In announcing the award to Bayer, KWLA President Thomas Sauer said, “It would be impossible to list all of the impressive achievements and contributions you have made to the Latin community in your district, the state and on a national scene. Your dedication to teaching is evident not only by your work in the classroom, but your unparalleled involvement in professional development, teacher training and continuous promotion of the Latin language and culture.”
Clements said Bayer had been a role model for her. “As I began teaching, Estelle was the perfect mentor for me — setting high standards, modeling exemplary practices and advising me in the subtle nuances of education. She helped me to pick up the pieces whenever I floundered.”
Clements will introduce Bayer as she receives the award. “That will be an honor for me,” she said. “Estelle Bayer is the most deserving person I know. And everyone I have talked to shares that opinion.”
During her tenure at MCHS, Bayer has not kept Latin within the halls of one school. She initiated a Latin program at Mayfield Elementary School, tutoring a group of 15 fourth- and fifth-graders on a weekly basis.
Bayer is involved in several professional organizations in addition to KWLA. She is active in the Kentucky Classics Association, American Classical League, National Junior Classical League, Kentucky Junior Classical League, Classics Association of the Midwest and South, Vergilian Society and National Education Association/ Kentucky Education Association.
Her involvement has included more than membership. She has chaired many contests, conventions and associations during her career.
Bayer also is no stranger to awards. Her list of honors includes Richmond Chamber of Commerce Teacher of the Year, Ashland Oil Golden Apple Achiever Award, American Classical League Merita Award for sustained and distinguished service and she is looking forward to receiving the coveted silver bowl for attending 20 NJCL conventions.
In what may be her final year of teaching at MCHS, Bayer agreed to take over an English class. Teaching English was not new for Bayer, even if she had not taught the subject for a while. When she started at MCHS, her job included teaching both disciplines.
Many teachers planning to retire would balk at the idea of taking on a new class, Clements said. But, she added, everyone at Madison Central has come to expect this kind of giving and selflessness from Bayer.

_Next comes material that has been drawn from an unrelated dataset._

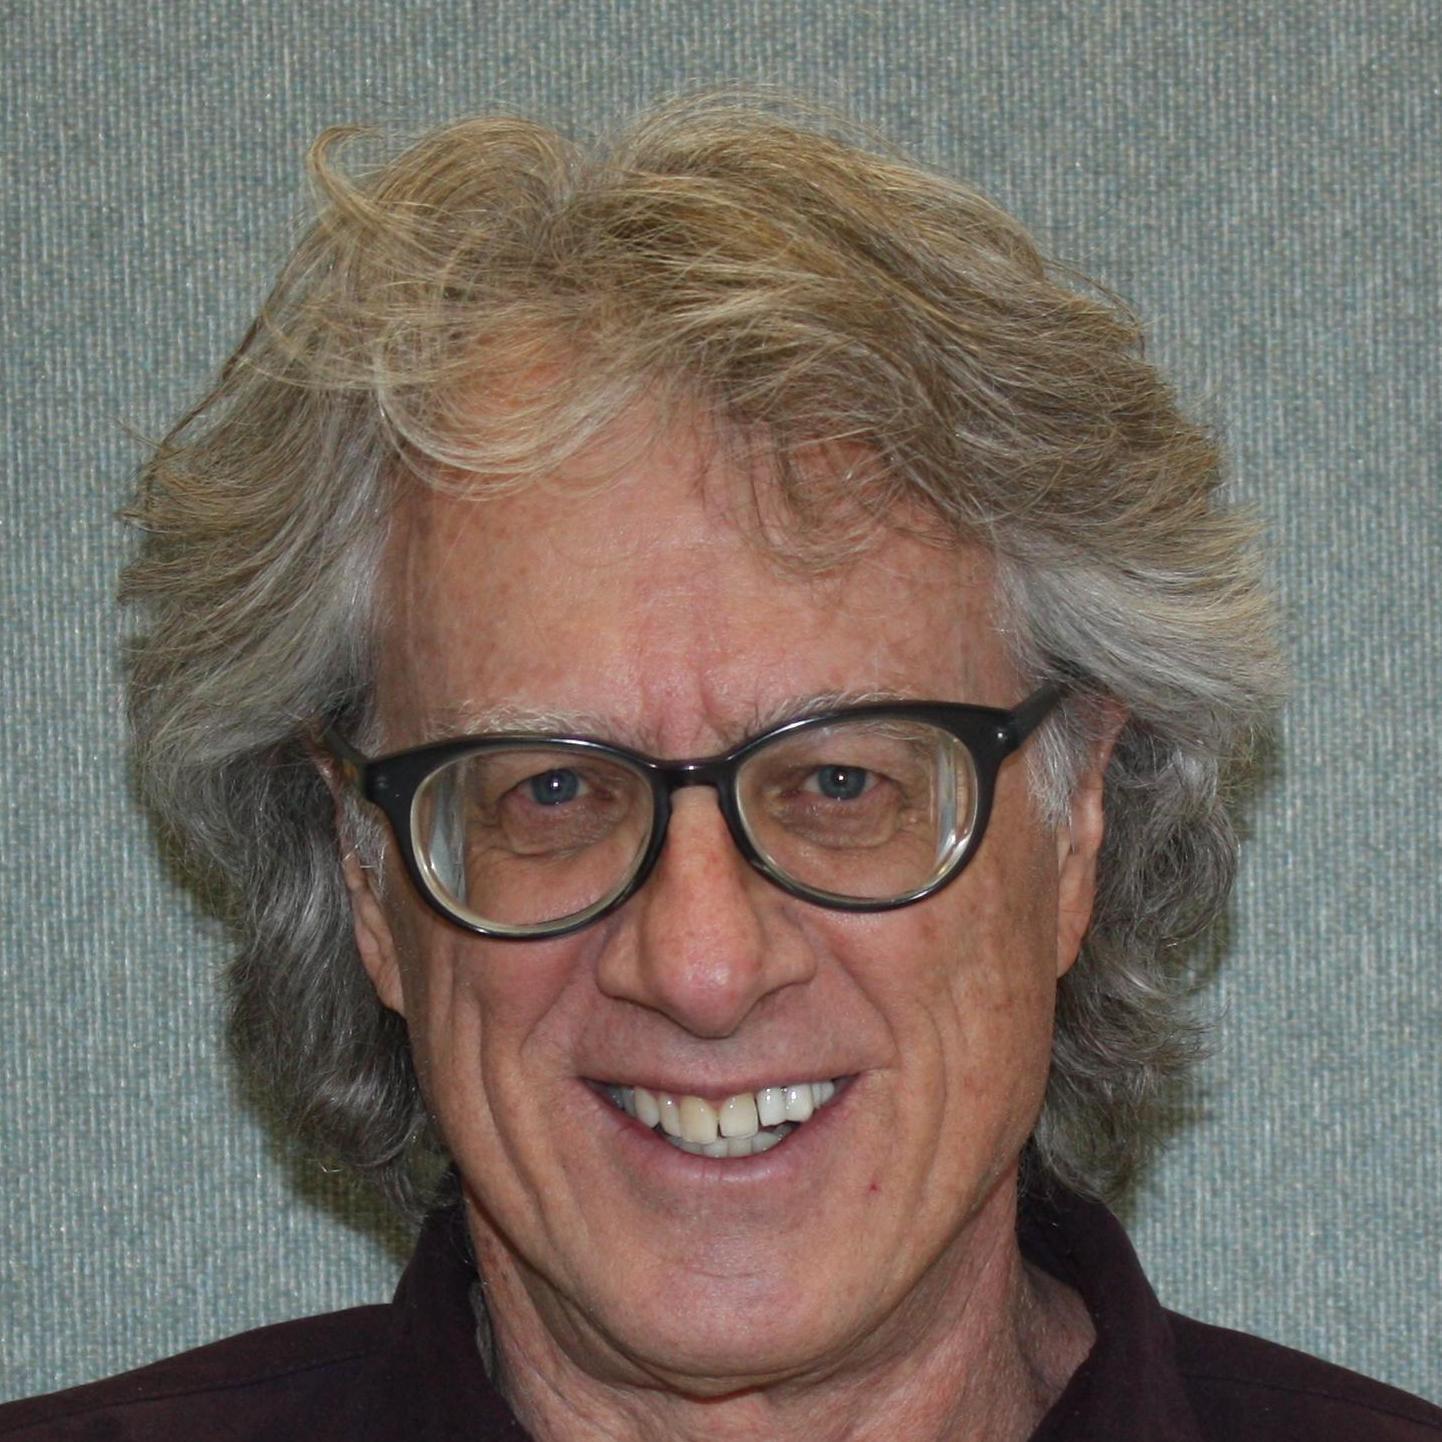 Virgil holgate's Profile Photo

“It was challenging to put a new set of lesson plans together over the summer,” Bayer said, “but I’ve really enjoyed teaching English again.”
Bayer retains her passion for teaching Latin, however. “I love sharing this beautiful language with my students.” She disagrees with those who call Latin a dead language. “The study of Latin helps students in the acquisition of all kinds of knowledge, not just the language itself.
Bayer said she got involved in organizations such as KWLA, KCA and the Junior Classical League to provide learning opportunities for her students outside of the classroom.
“These organizations helped me provide opportunities for my students to compete in academic, athletic, and graphic arts contests,” she said. “Our students have learned to run for leadership positions on local and state levels. They have gained confidence by working in teams to achieve goals, and they have had opportunities to visit universities and major cities across the United States.”